▶ _Input records_:
★ ★ ★ ★ ★

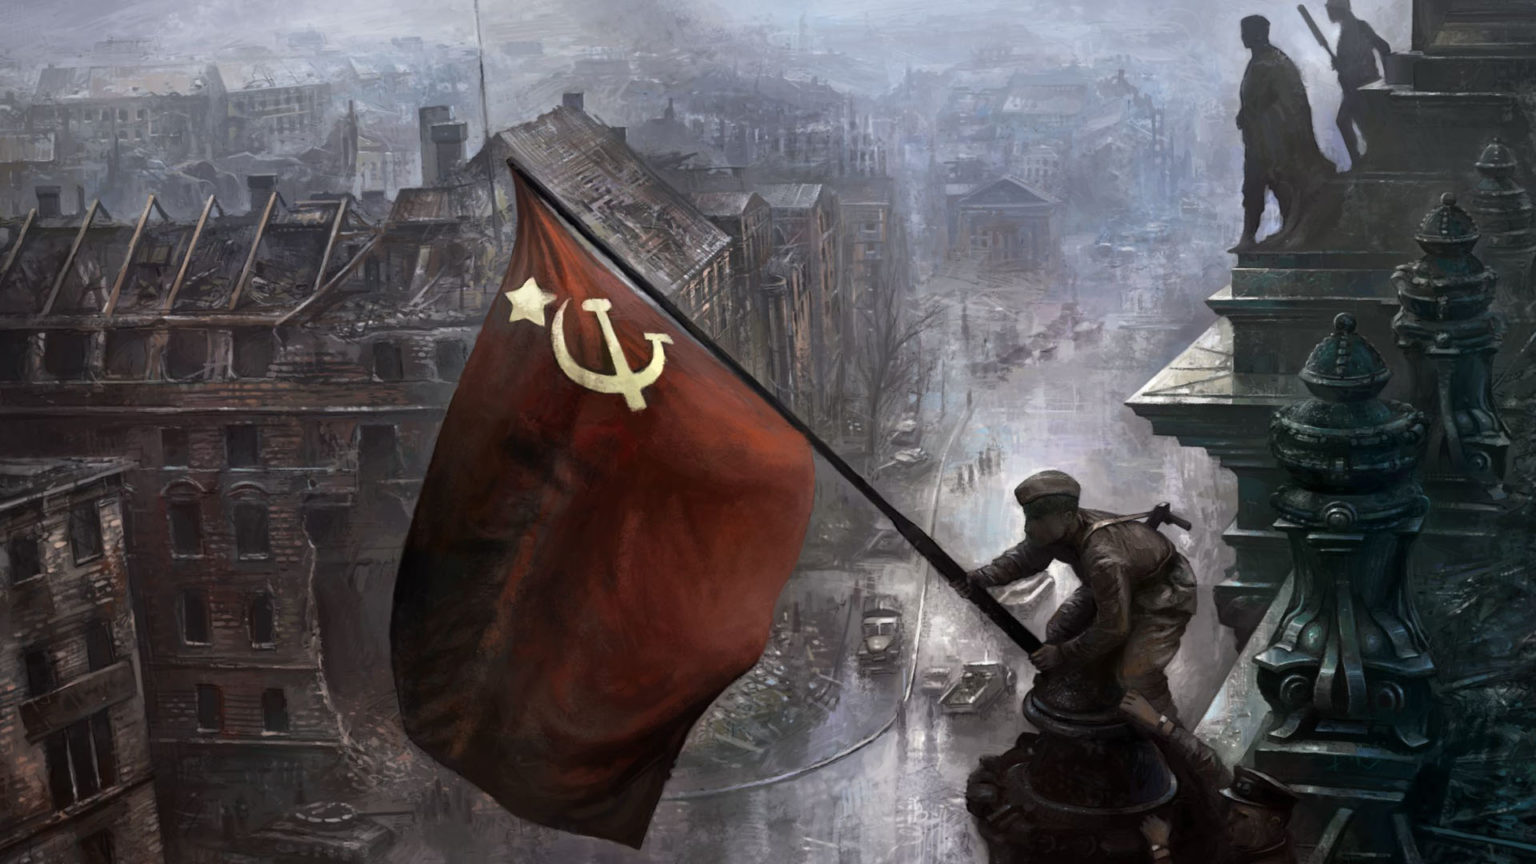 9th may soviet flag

★ ★ ★ ★ ★

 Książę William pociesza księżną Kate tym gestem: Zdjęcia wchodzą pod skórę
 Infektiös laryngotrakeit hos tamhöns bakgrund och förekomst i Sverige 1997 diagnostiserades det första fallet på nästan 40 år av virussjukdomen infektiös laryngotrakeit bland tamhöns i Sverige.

★ ★ ★ ★ ★

▶ _Work required_: Your task for the entries above: copy exactly the span starting with the line with "Książę William pociesza" and going on through the line with "Infektiös laryngotrakeit hos", both lines included, and nothing else.

▶ _Response_:
 Książę William pociesza księżną Kate tym gestem: Zdjęcia wchodzą pod skórę
 Infektiös laryngotrakeit hos tamhöns bakgrund och förekomst i Sverige 1997 diagnostiserades det första fallet på nästan 40 år av virussjukdomen infektiös laryngotrakeit bland tamhöns i Sverige.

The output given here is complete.